Siraitia grosvenorii (Swingle) C. Jeffrey is a herbaceous perennial vine that belongs to the genus Siraitia of the family Cucurbitaceae, and is mainly distributed in Yongfu County of Guangxi Province, China. Its fruit, called Monk fruit or East supernatural fruit, is a remedy for alleviating sunstroke, nourishing the lungs, removing phlegm, stopping coughing and aiding defaecation (Dai and Liu 1999). Moreover, key components of S. grosvenorii fruit act as an antioxidant (Shi et al. 1996), help to prevent cancer (Konoshima and Takasaki 2002) and are useful against the Epstein–Barr virus (Akihisa et al. 2007). The plant also contains a glycoprotein called momorgrosvin, which has been shown to inhibit ribosomal protein synthesis (Tsang and Ng 2001).

Conventional propagation of S. grosvenorii by using cuttings is time consuming and sensitive to viral disease infections, which degrade the cultivars and dramatically decrease yield. In recent years, plant tissue culture has been shown to be superior to traditional propagation methods for S. grosvenorii plantlet mass production, since the first successful report on micropropagation of S. grosvenorii (Lin and Wang 1980). However, propagation of in vitro S. grosvenorii plantlets in fields showed some disadvantages such as low transplant survival rate and low yield after transplantation, raising doubt as to the quality of S. grosvenorii plantlets.
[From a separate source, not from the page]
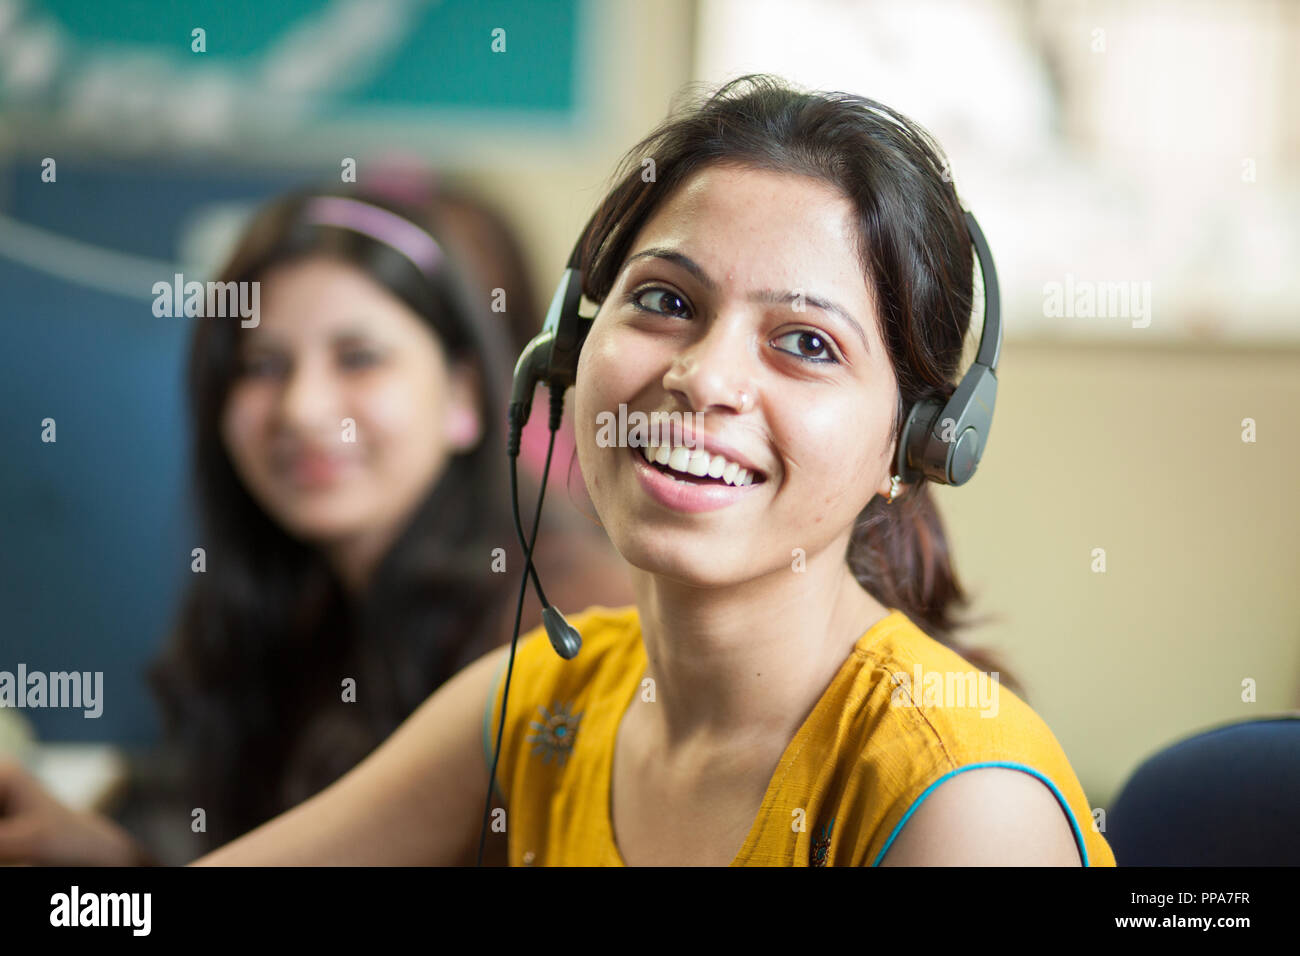 Mumbai Call Beauty With Client
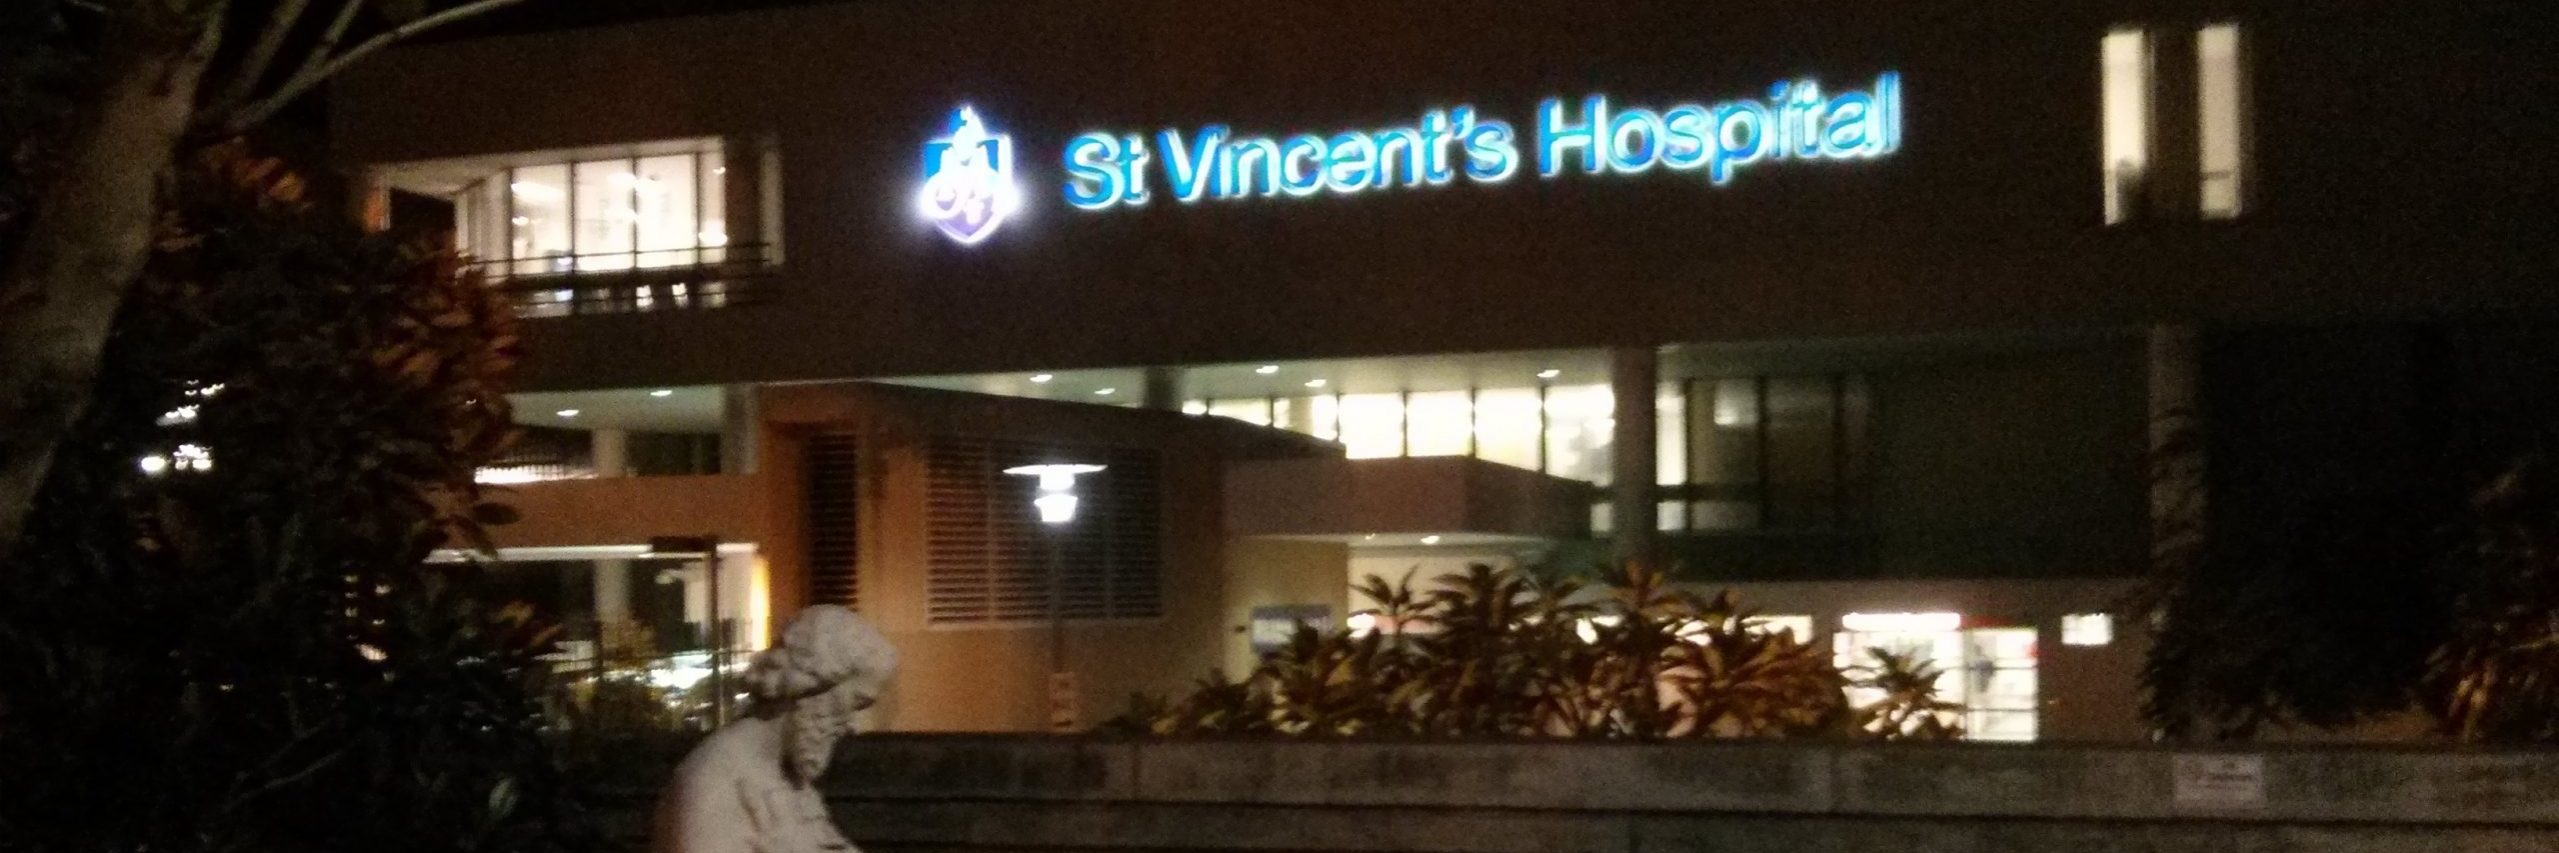 St Vincent's Hospital in Sydney, Australia

It has been observed that massive callus formation happens at the base of shoots grown on both proliferation medium and rooting medium, but this was considered to be unavoidable in the micropropagation of S. grosvenorii (Lin et al. 2003). In order to solve the problem of callus formation and improve the quality of plantlets in S. grosvenorii micropropagation, photoautotrophic micropropagation (PM) of S. grosvenorii (Zhang et al. 2009) and ex vitro rooting methods (Yan et al. 2010) have been explored. Previous results indicated that plantlets developed via ex vitro rooting methods had an extensive root system with many secondary roots and without callus growth at the base of plantlets, just like the natural root system of S. grosvenorii (Yan et al. 2010).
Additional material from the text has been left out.